The landscape is barren, stony and silent. Quite stealthily, the weight and awe of the majestic environment seeps into one’s being and then you are transported back in time by hundreds of years. The strength and resilience of the Waziris dawns upon you with compelling force filling one’s mind with respect and admiration for these Spartan and fearless fighters and a very hospitable people. They are bandits of the ugliest order by the same token; short tempered, trigger happy and ruthless. Waziris have always been like that. They are a good judge of men and like to talk to the King’s personal emissary rather than a routine messenger when it comes to hard negotiations. To negotiate with them from a position of weakness is asking for an unmitigated disaster. An effort to dictate terms from an unrelenting superior position is asking for failure. These hill men are very well aware of their strategic geographic location vis-à-vis Kabul and have always cashed it expertly throughout history. They naturally became the resistance highway against the Soviet occupation of Afghanistan and now against the US-led ISAF. It is not possible to defeat them into submission in the classical sense nor can they be wiped out. It is therefore prudent to coexist with them under a strictly enforced political arrangement and then keep all communication channels open.

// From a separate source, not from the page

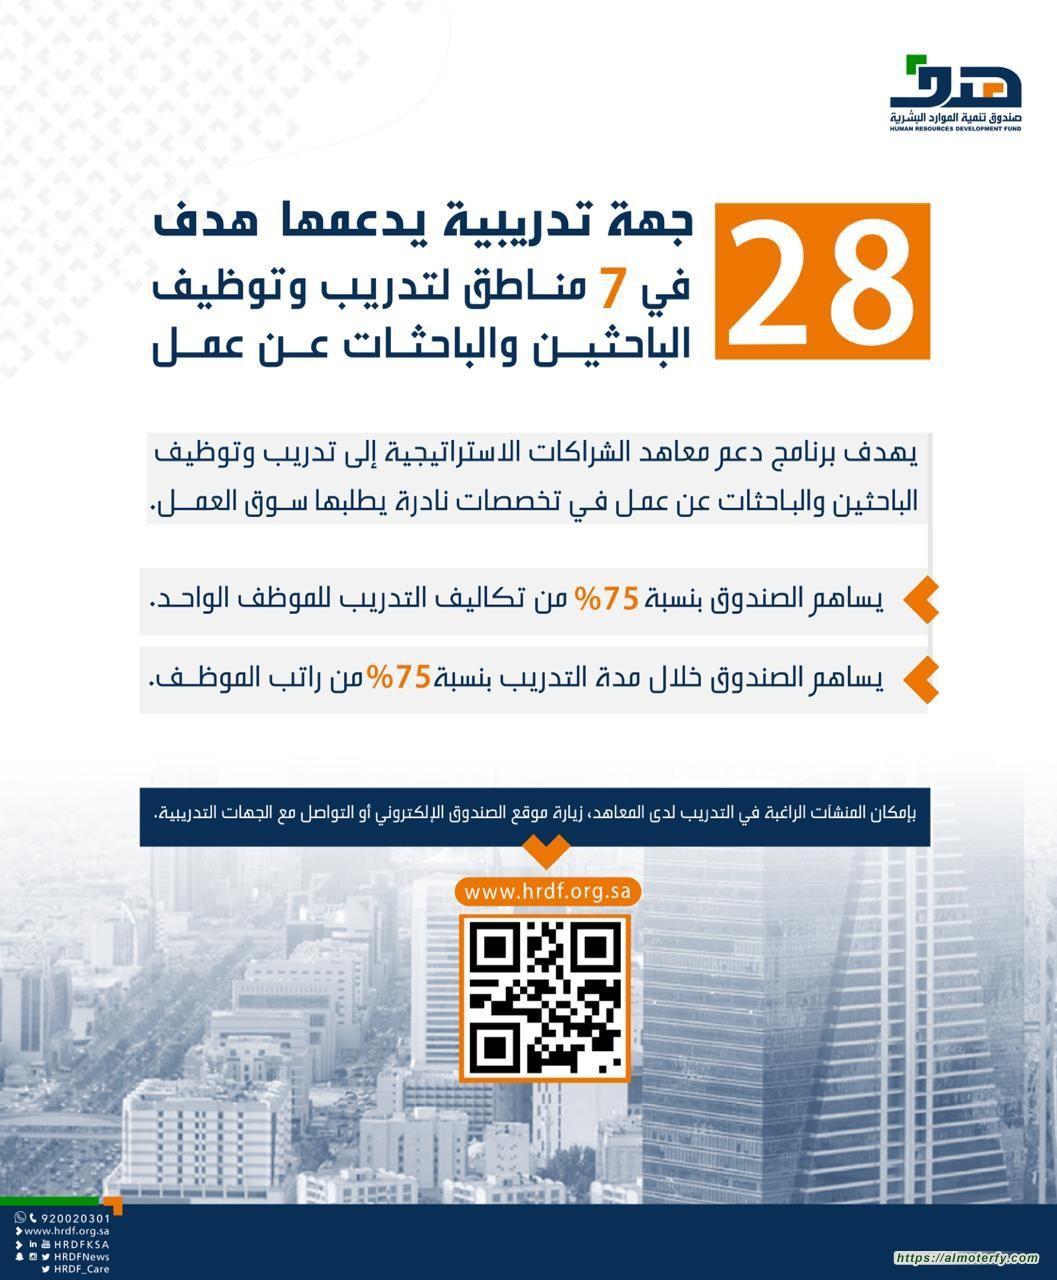 """28 جهة تدريبية يدعمها """"هدف"""" في 7 مناطق لتدريب وتوظيف الباحثين والباحثات عن عمل"""

They hold their privacy, which has to be understood in the broadest possible terms as being very dear to them. An actual or perceived trespass can have grave consequences. Their concept of privacy roughly corresponds to the modern day notion of sovereignty. For example, to pass through a Waziri village in a high-strung military truck is to trespass. To chance upon a female water-filling point is a serious infringement and so on. It may be understood that the Waziri concept of privacy is actually a function of perception more than the action.